When you reach the line in the data below that contains "eternit natura gro", please start repeating lines exactly, and stop after the line that contains "Madagascar Village des hautes terres", repeating nothing else.

╔══

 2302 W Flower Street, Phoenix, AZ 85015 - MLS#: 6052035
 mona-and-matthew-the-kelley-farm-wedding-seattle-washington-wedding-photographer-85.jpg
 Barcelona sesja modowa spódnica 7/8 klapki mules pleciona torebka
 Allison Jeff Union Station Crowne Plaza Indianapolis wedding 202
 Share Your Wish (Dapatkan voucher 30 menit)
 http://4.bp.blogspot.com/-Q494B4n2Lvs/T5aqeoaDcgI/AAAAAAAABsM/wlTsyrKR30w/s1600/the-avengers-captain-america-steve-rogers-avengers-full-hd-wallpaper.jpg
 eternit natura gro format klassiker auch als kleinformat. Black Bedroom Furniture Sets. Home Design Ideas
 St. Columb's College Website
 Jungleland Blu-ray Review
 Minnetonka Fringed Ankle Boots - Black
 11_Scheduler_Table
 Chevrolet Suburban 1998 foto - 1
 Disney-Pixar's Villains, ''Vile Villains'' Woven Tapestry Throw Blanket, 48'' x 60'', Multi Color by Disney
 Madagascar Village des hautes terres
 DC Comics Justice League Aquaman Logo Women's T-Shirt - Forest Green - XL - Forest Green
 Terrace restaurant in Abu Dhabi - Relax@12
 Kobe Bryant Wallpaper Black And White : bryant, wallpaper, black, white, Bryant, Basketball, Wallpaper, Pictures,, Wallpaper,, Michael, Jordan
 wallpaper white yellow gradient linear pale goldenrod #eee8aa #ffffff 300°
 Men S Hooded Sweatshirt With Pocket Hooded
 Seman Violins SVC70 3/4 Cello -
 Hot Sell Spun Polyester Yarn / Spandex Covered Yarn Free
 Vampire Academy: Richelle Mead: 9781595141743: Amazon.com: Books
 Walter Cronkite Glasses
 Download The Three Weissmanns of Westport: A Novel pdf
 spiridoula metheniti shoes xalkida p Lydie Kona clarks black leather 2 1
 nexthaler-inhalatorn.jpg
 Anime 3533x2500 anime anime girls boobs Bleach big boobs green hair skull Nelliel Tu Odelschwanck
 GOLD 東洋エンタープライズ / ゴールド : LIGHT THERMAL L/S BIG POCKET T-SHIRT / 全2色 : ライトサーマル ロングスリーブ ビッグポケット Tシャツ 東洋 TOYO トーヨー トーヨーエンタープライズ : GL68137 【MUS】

╚══

▶ RESULT BELOW:
 eternit natura gro format klassiker auch als kleinformat. Black Bedroom Furniture Sets. Home Design Ideas
 St. Columb's College Website
 Jungleland Blu-ray Review
 Minnetonka Fringed Ankle Boots - Black
 11_Scheduler_Table
 Chevrolet Suburban 1998 foto - 1
 Disney-Pixar's Villains, ''Vile Villains'' Woven Tapestry Throw Blanket, 48'' x 60'', Multi Color by Disney
 Madagascar Village des hautes terres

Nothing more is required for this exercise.